Этот трюк, по счастью, таков, что можно не опасаться выдать детали сюжета. Путешествия во времени, которые уже были выставлены фикцией, оказываются реальностью, случайные догадки Уэллса попадают в цель, а сам писатель, вместе с двумя не менее знаменитыми коллегами, втянут в такую пространственно-временную кутерьму, что поневоле забываешь обо всех неприятных моментах начала книги. Настоящие путешествия во времени потому увлекательны, что порождают необычный тотальный конфликт: персонаж не просто попадает в окружение враждебных людей — чужим/враждебным здесь оказывается все.

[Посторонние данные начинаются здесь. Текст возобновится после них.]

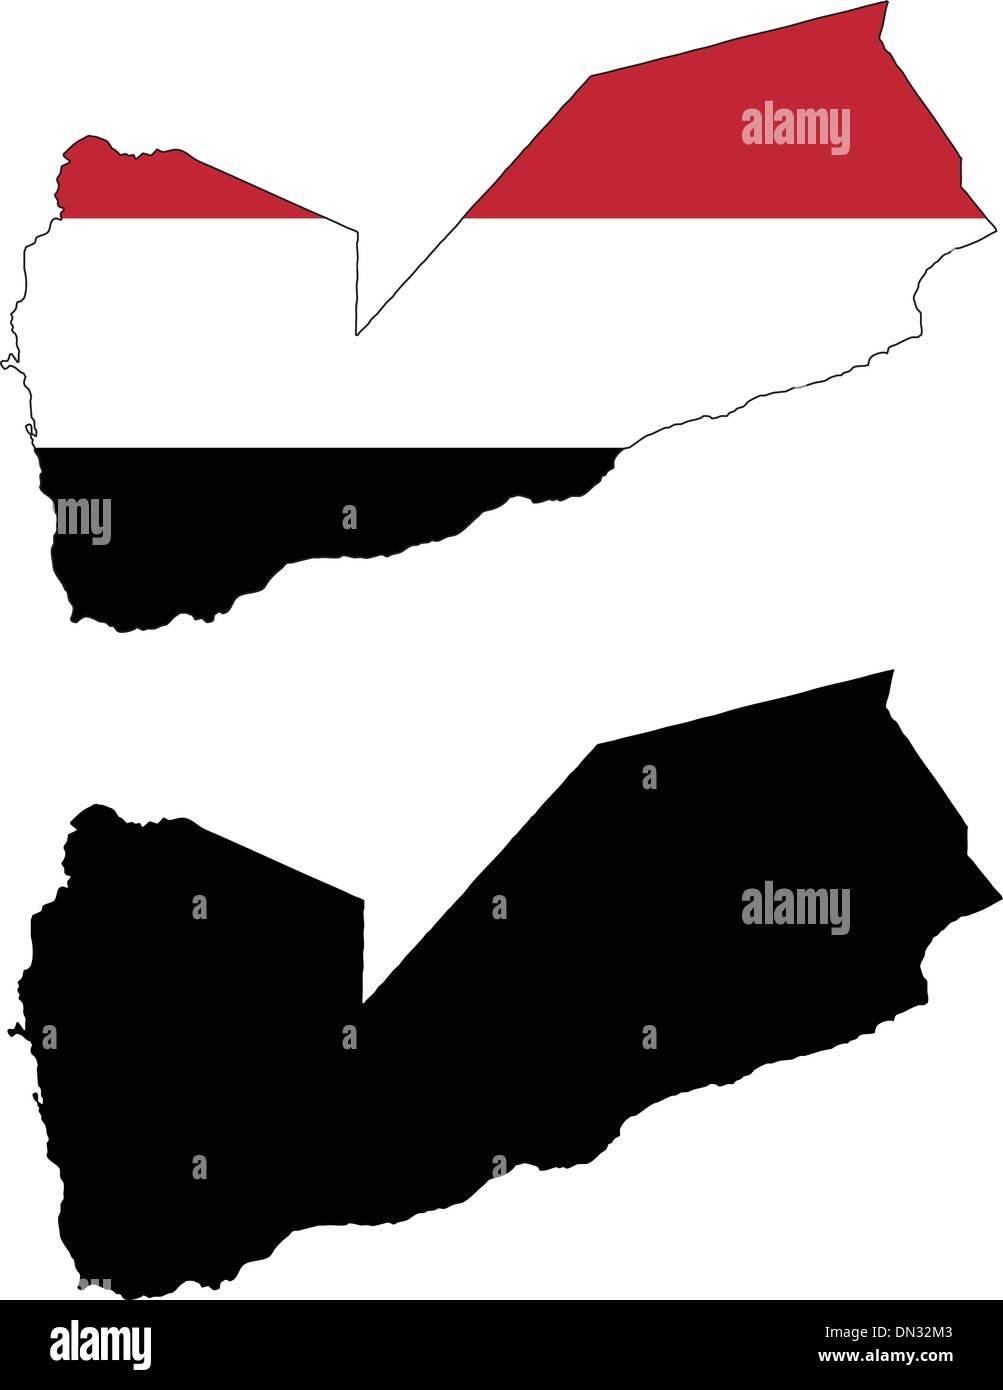 Yemen - Stock Image
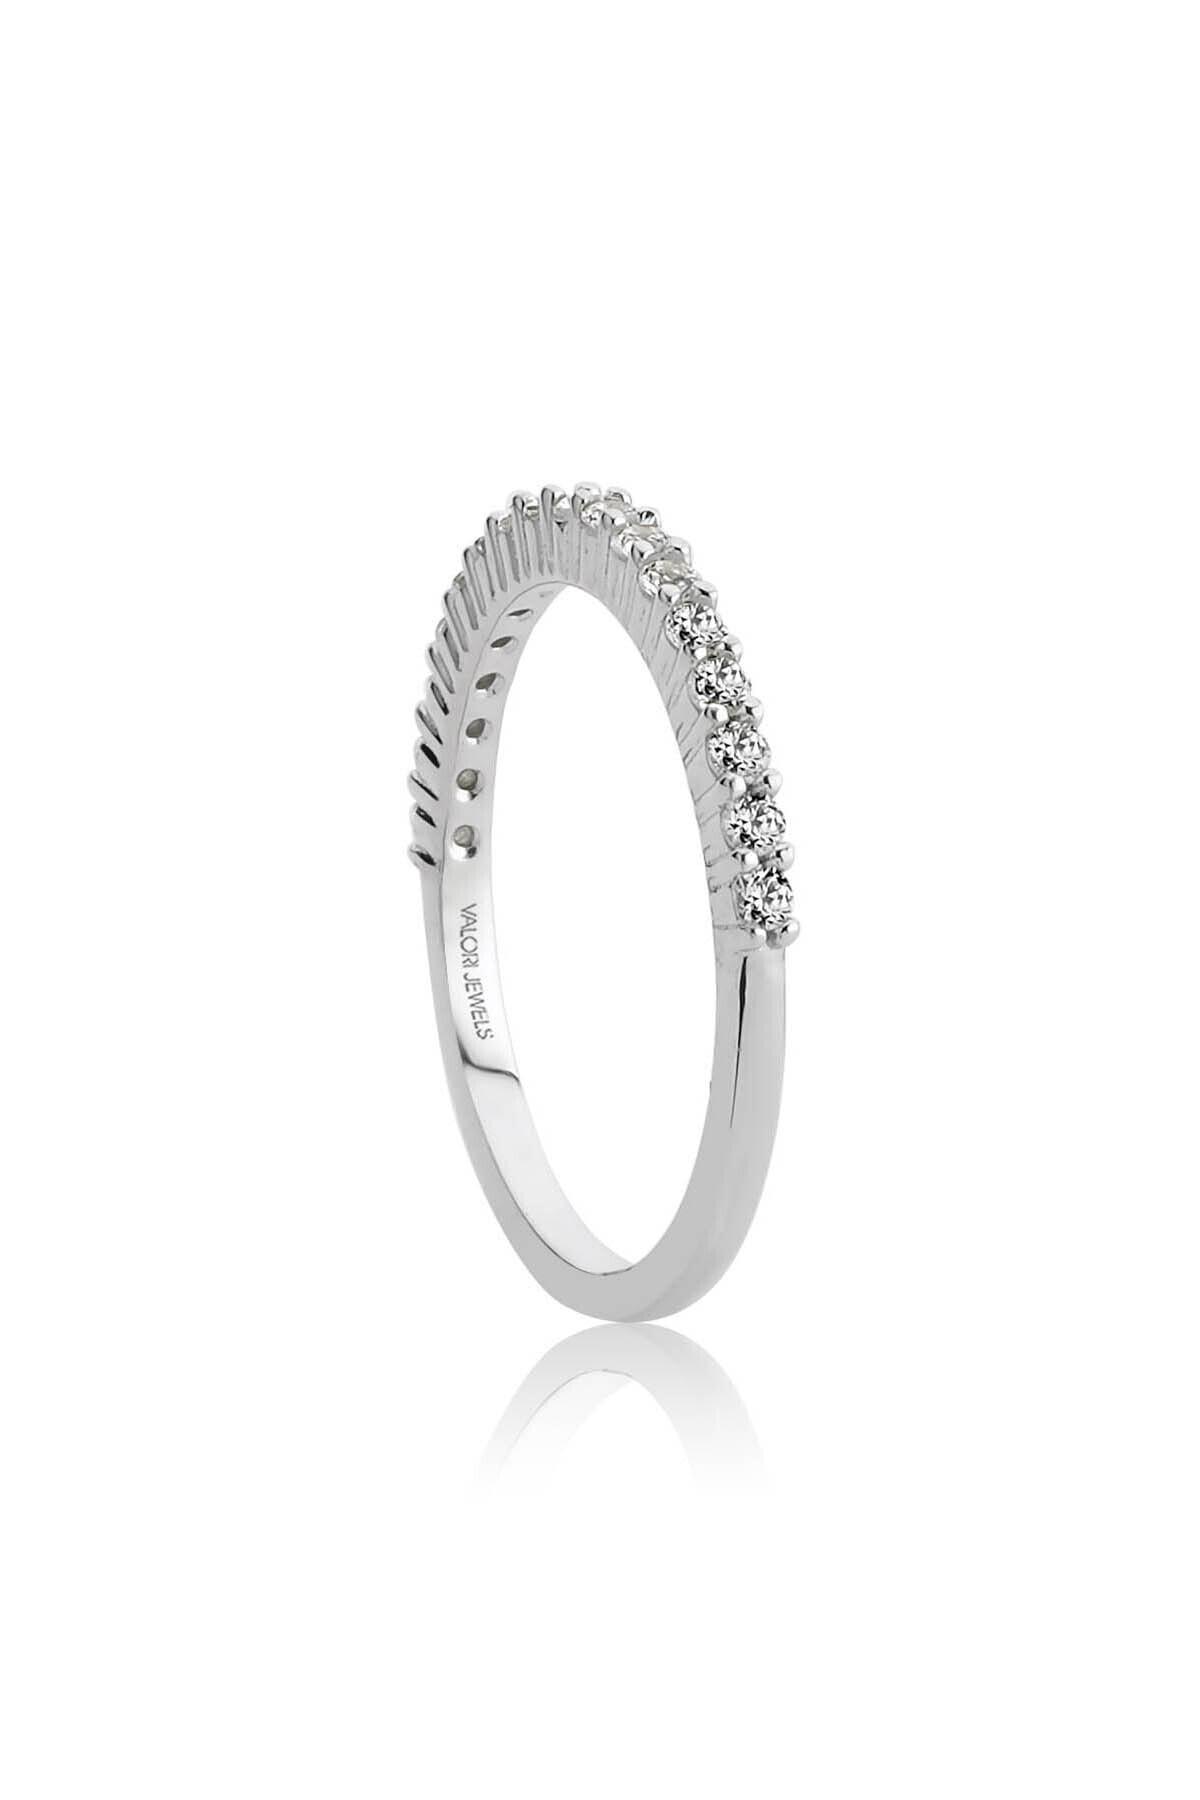 Valori Jewels Yarımtur Zirkon Beyaz Taşlı, Gümüş Yüzük 2

Такой конфликт просится в эксцентрическую комедию (что и заставляет нас с удовольствием смотреть фильмы вроде «Иван Васильевич меняет профессию»), но он трагичен — и не стоит, вероятно, даже объяснять почему. Поэтому ирония «вездесущего автора» в конечном итоге может оказаться облаткой, но облаткой переслащенной. В финале книги она словно исчезает, уступая место передоверенным герою «рассуждениям после романа»; к «многомировой теории» здесь прибавляется и идея мира-симуляции, и замысел написать эту самую книгу, которая только что закончилась.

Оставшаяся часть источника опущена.